Desde tiempos remotos se han utilizado plantas para curar o aliviar

las enfermedades, dando lugar a fitofármacos desarrollándose la
denominada medicina herbaria (OMS). Estos fitofármacos son entonces los
extractos de las plantas obtenidos de diversas formas de preparación para
mejorar el estado de salud.

Actualmente existe un gran interés por este tipo de medicina

tradicional en comparación con los productos de síntesis, y más apreciada
por su bajo costo, sus reducidos índices de toxicidad y su fácil acceso.

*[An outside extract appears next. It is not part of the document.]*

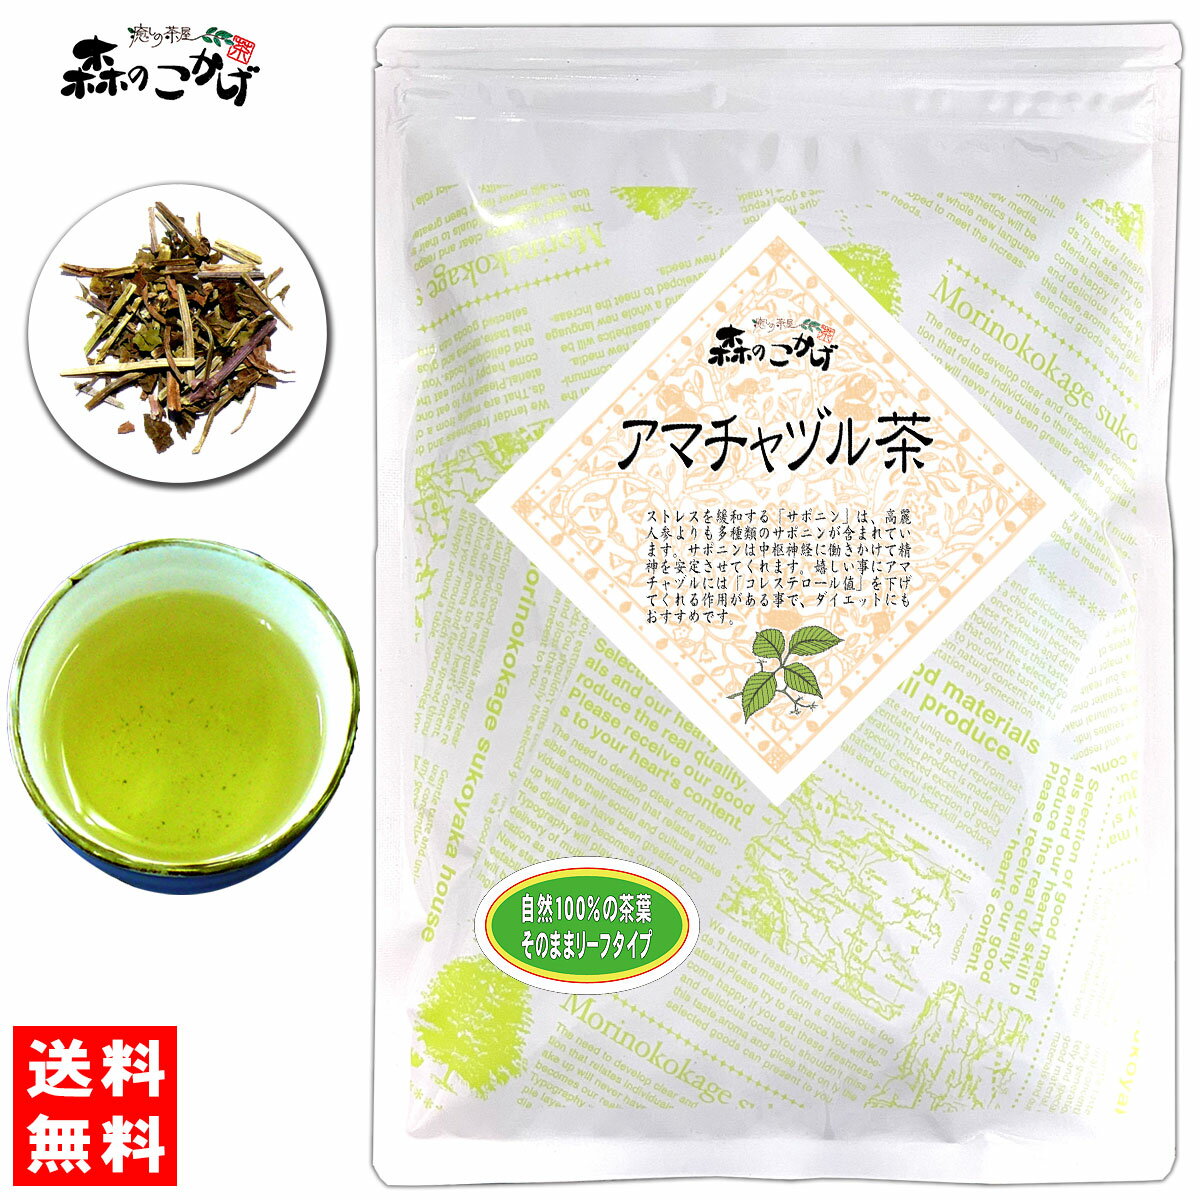 5【送料無料】 アマチャヅル茶 (120g) 茶葉 (アマチャズル) あまちゃずる 健康茶 (残留農薬検査済み) 北海道 沖縄 離島も無料配送可 森のこかげ 健やかハウス 健リフ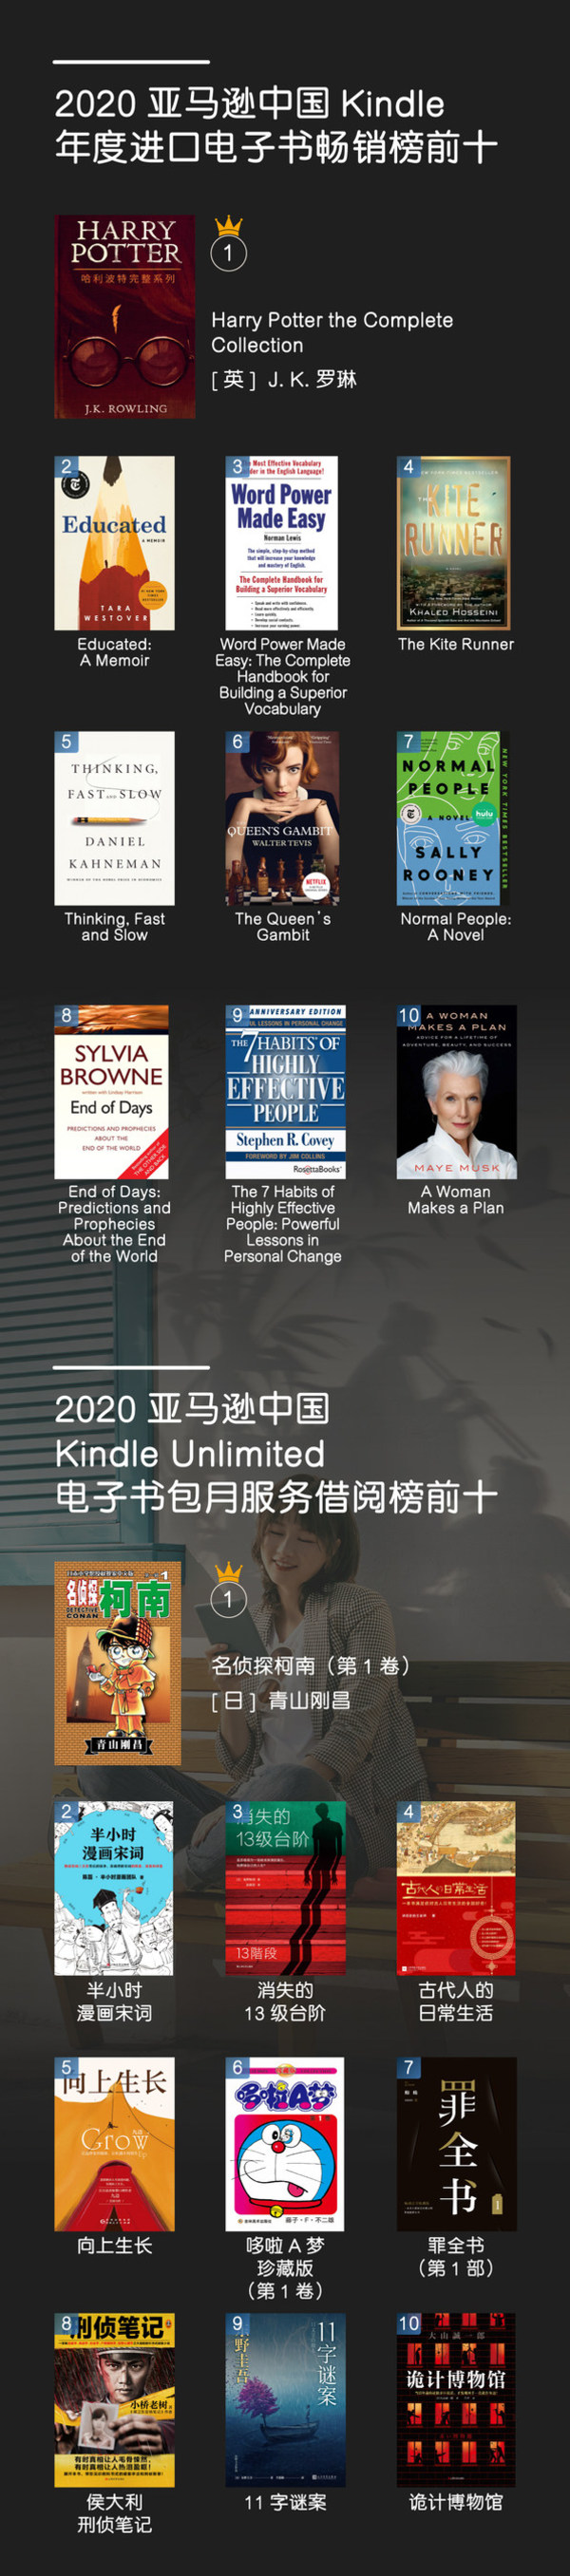 亚马逊中国发布年度Kindle阅读榜单，权威解读2020年中国读者数字阅读趋势与特征。

En este contexto y dentro de las plantas surgidas en la sociedad a

nivel mundial, se encuentra el kalanchoe (Kalanchoe daigremontiana),
originaria de Madagascar y perteneciente a la familia de las crasuláceas,
catalogada como especie invasora en zonas desérticas (Herrera I. H., 2012).

Se han registrado diversas actividades al kalanchoe, como son

antitumoral, antihistamínica, antiinflamatoria e inmunomoduladora (Puertas,
Gallego, & Arango, 2014). La medicina tradicional la utiliza contra
infecciones, antiinflamatoria y varios tipos de cáncer a nivel mundial (Hsieh et
al, 2016). Además de efectos inhibitorios sobre virus que atacan a linfocitos
B humanos, efecto insecticida contra larvas del gusano de la seda y aislación
de nuevas formas de vitamina E, triterpenoides y ácidos grasos de cadena
larga (Supratman et al, 2011) (Van Maarseven & Jetter, 2009).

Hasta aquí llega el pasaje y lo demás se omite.